> STORED DATA

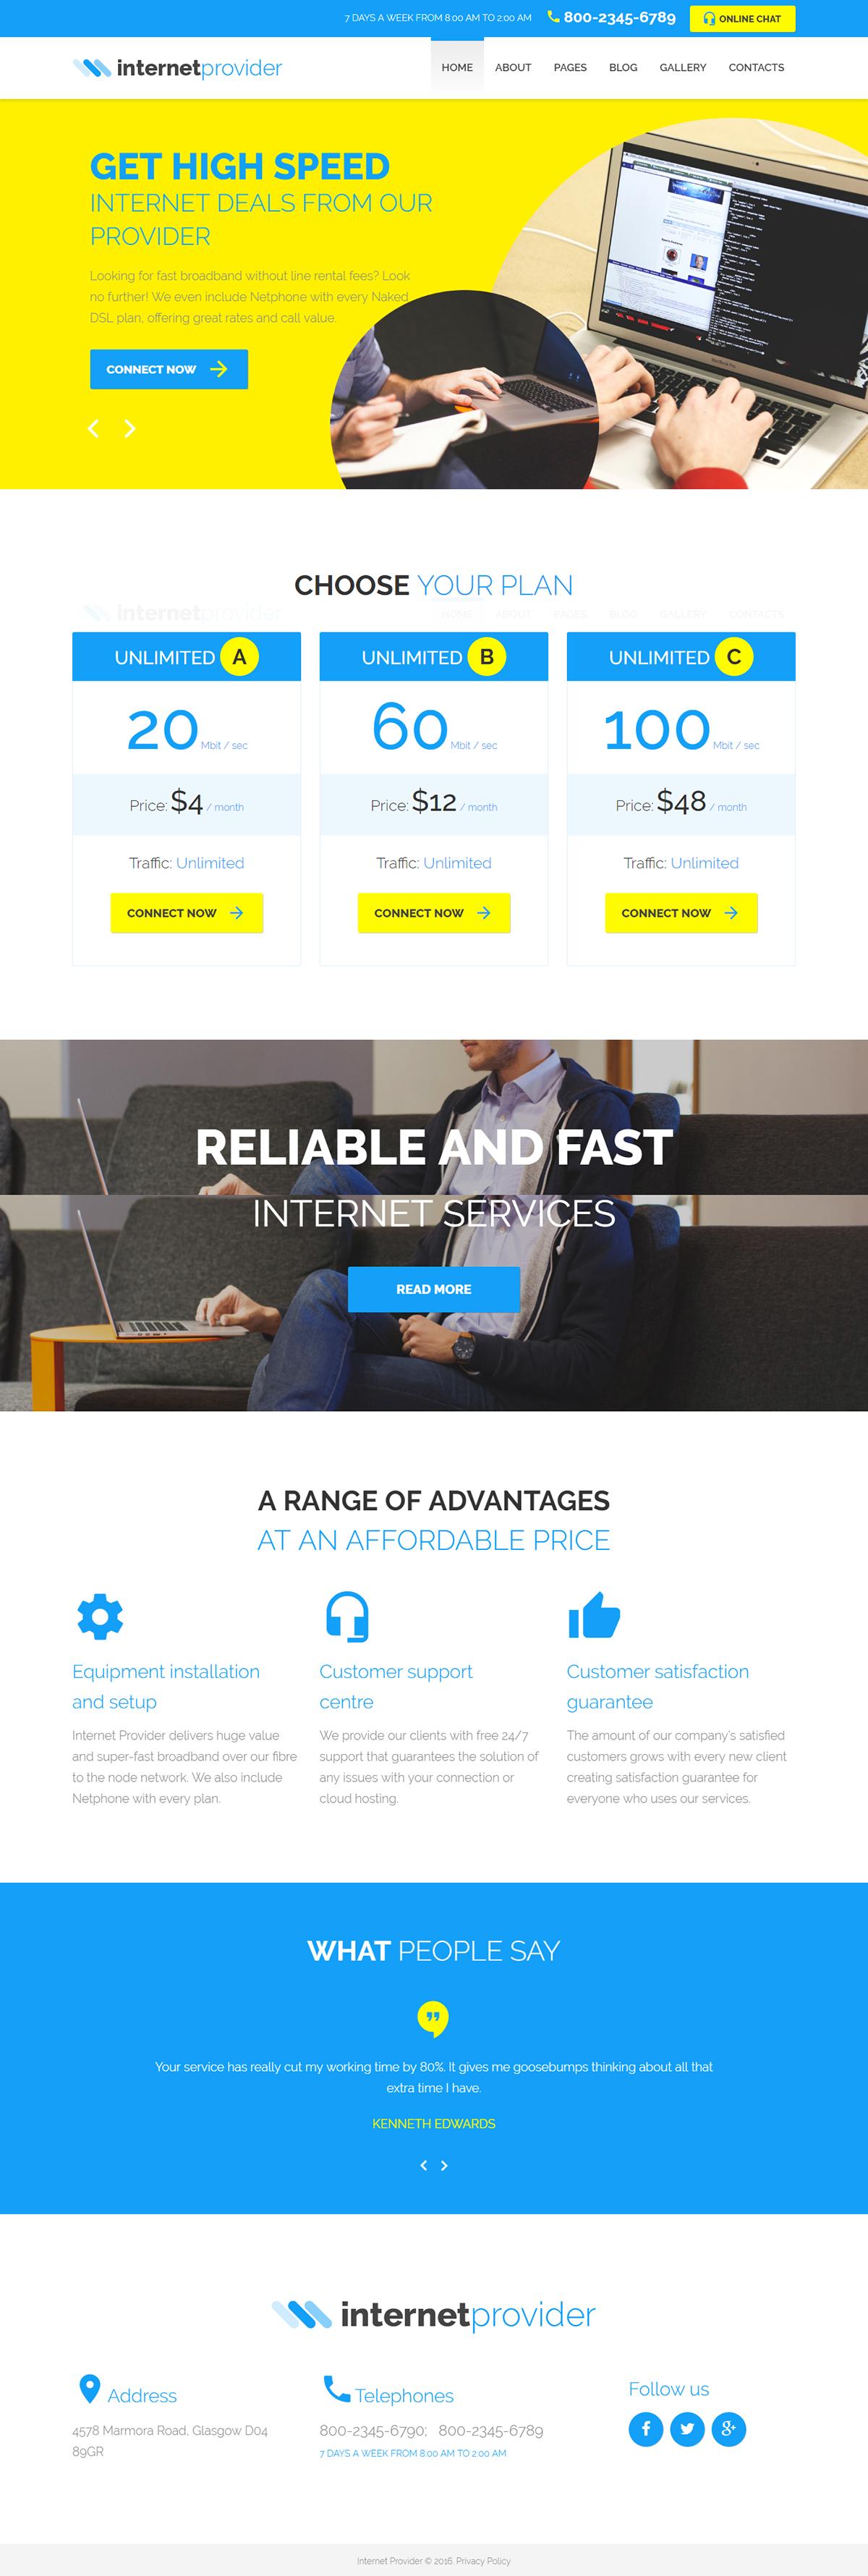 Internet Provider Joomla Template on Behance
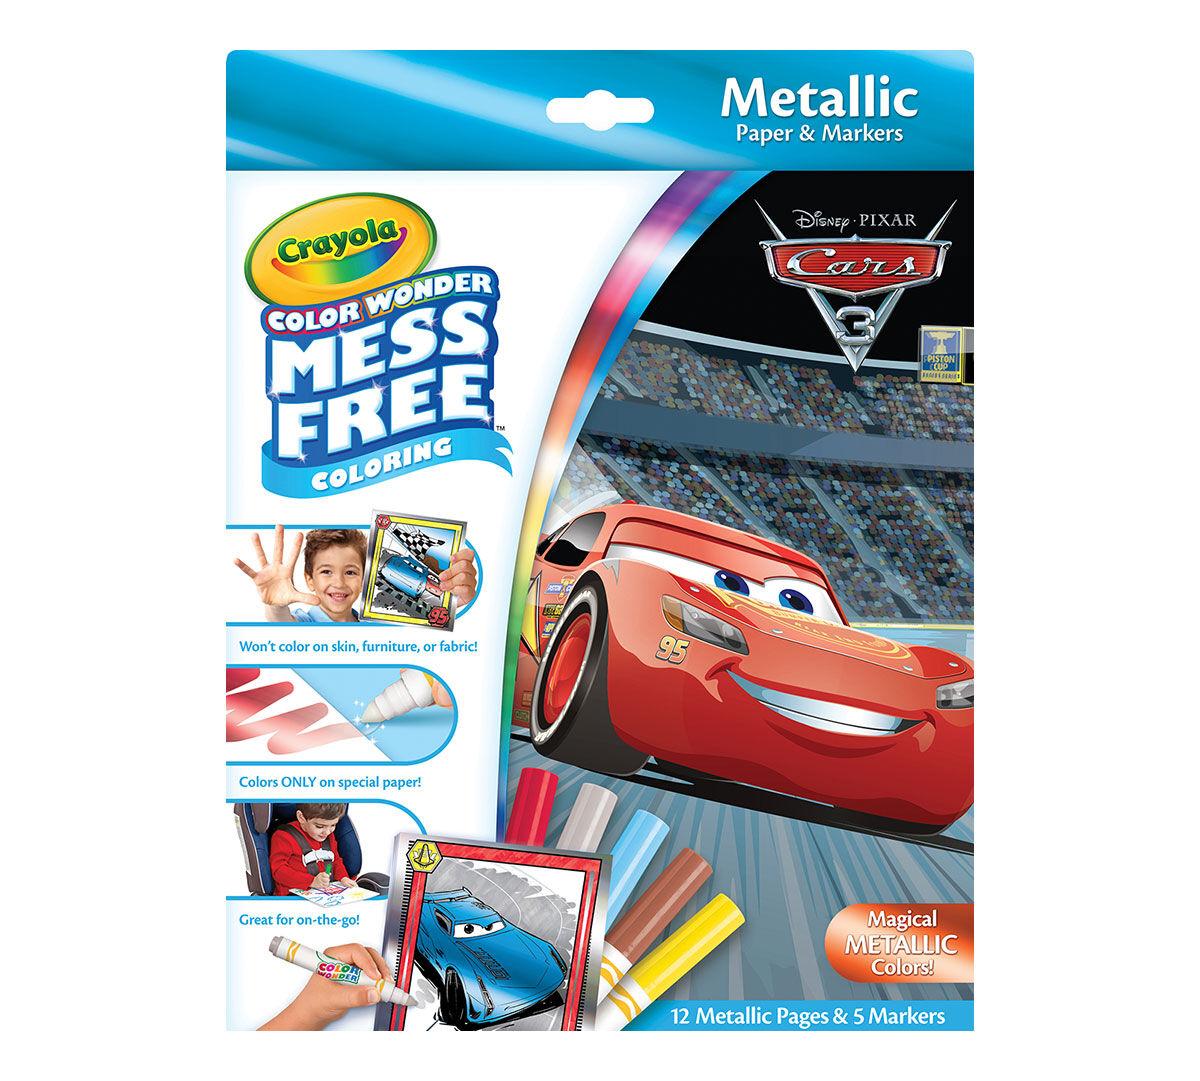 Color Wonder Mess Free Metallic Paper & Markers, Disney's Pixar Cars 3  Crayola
--
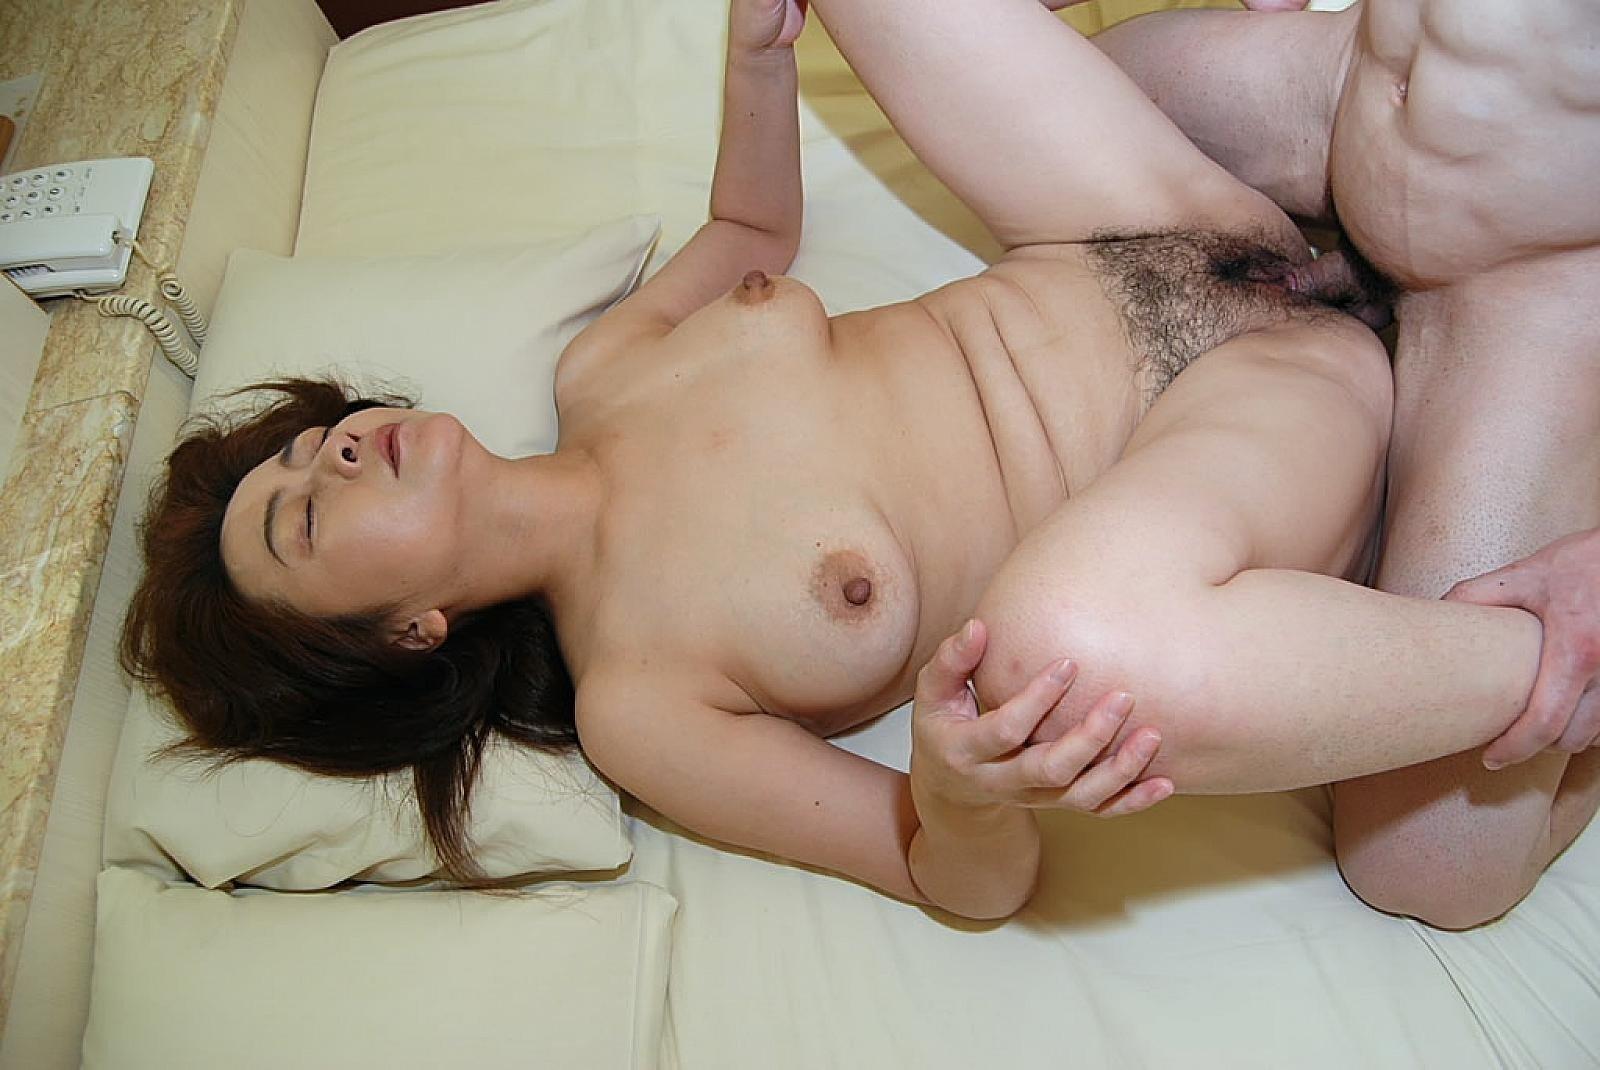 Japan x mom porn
---
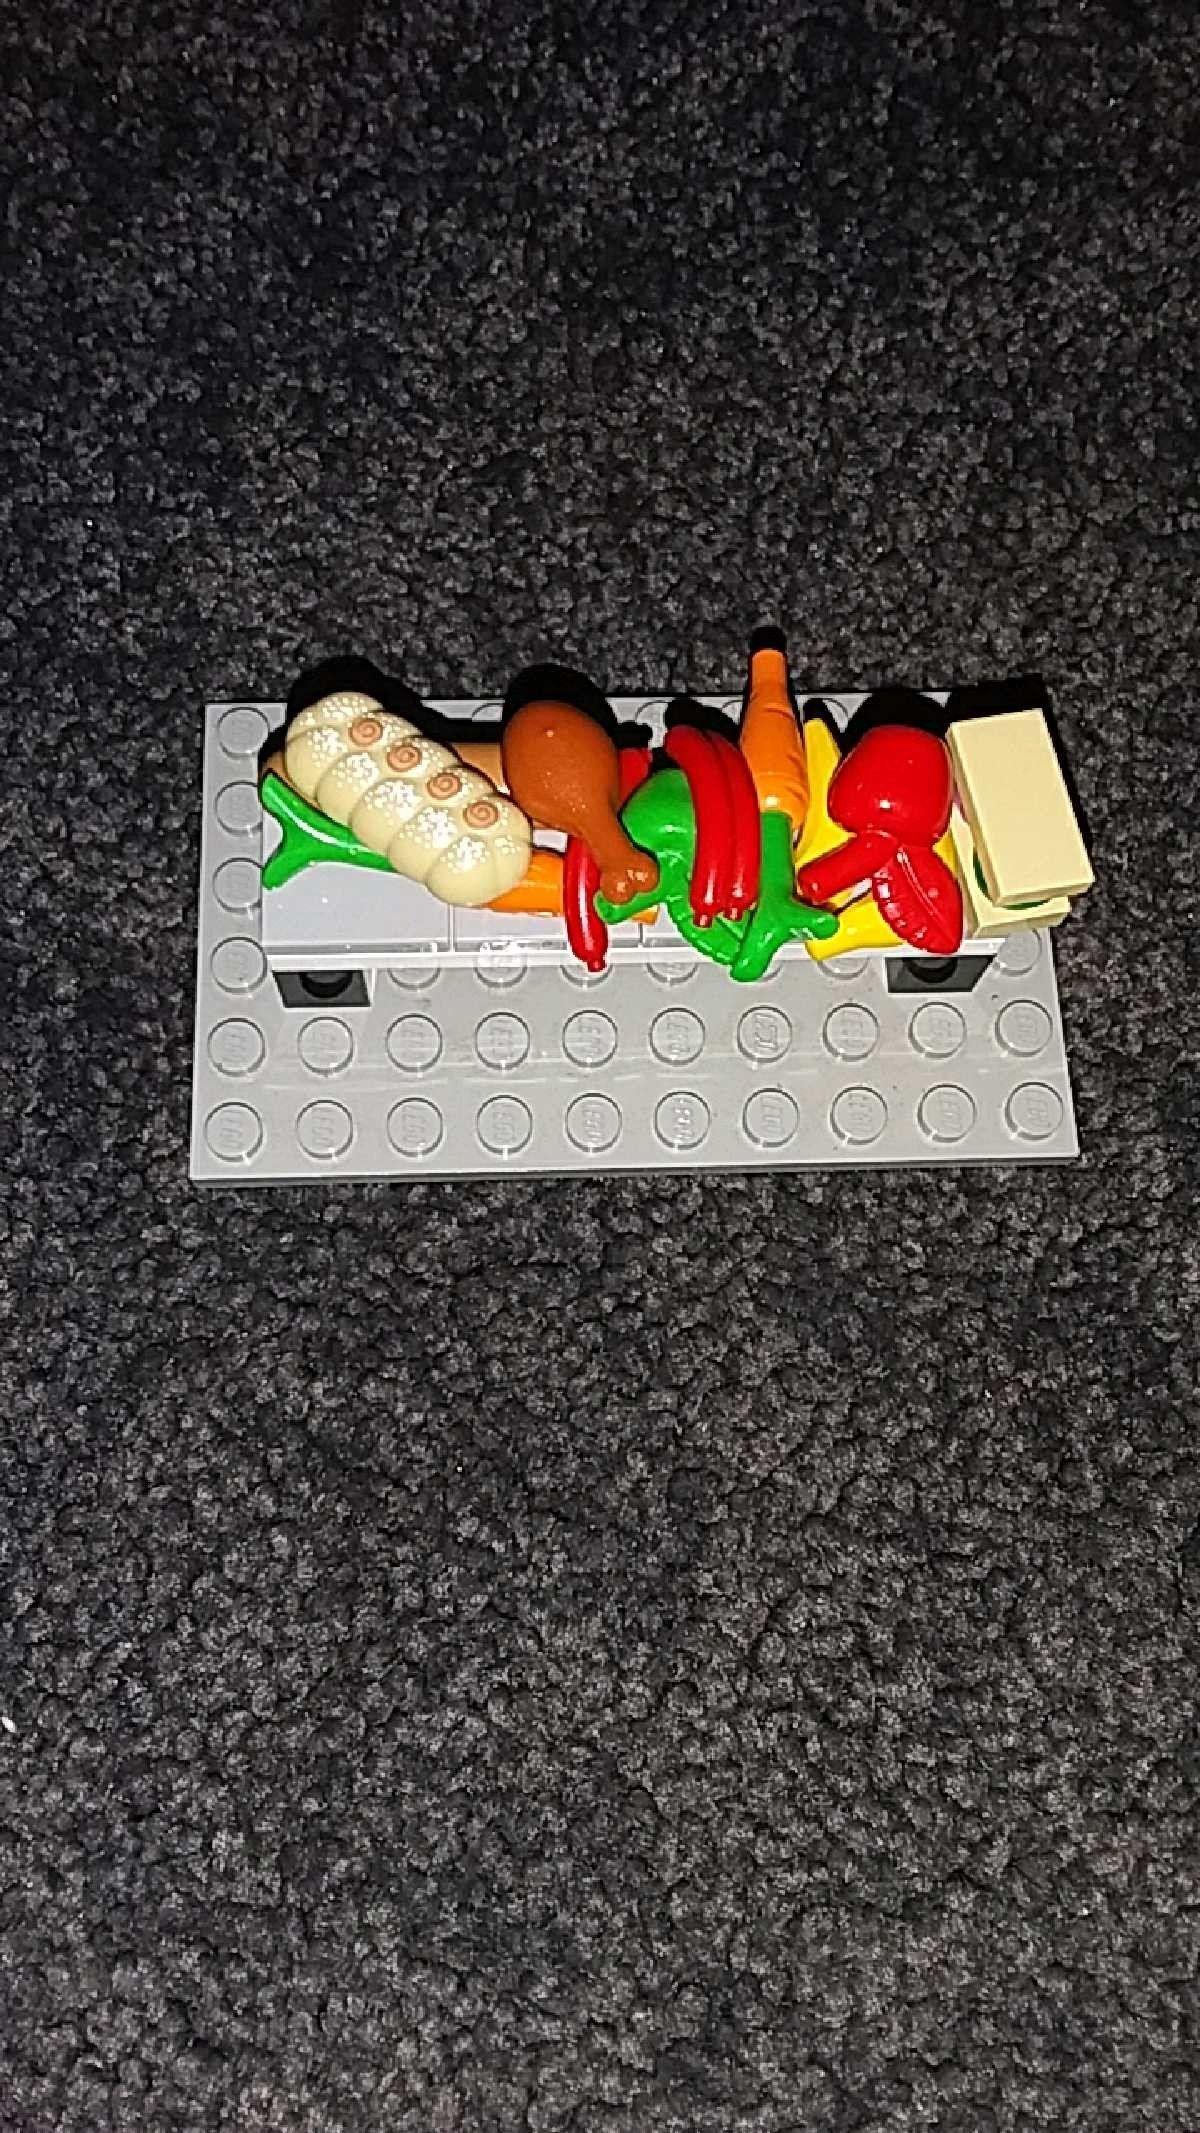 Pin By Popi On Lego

> WORK ORDER
Among the entries above, copy exactly the stretch from the line holding "Internet Provider Joomla Template on Behance" through the line holding "Color Wonder Mess", leaving out any pictures.

> YOUR RESPONSE
 Internet Provider Joomla Template on Behance
 Color Wonder Mess Free Metallic Paper & Markers, Disney's Pixar Cars 3  Crayola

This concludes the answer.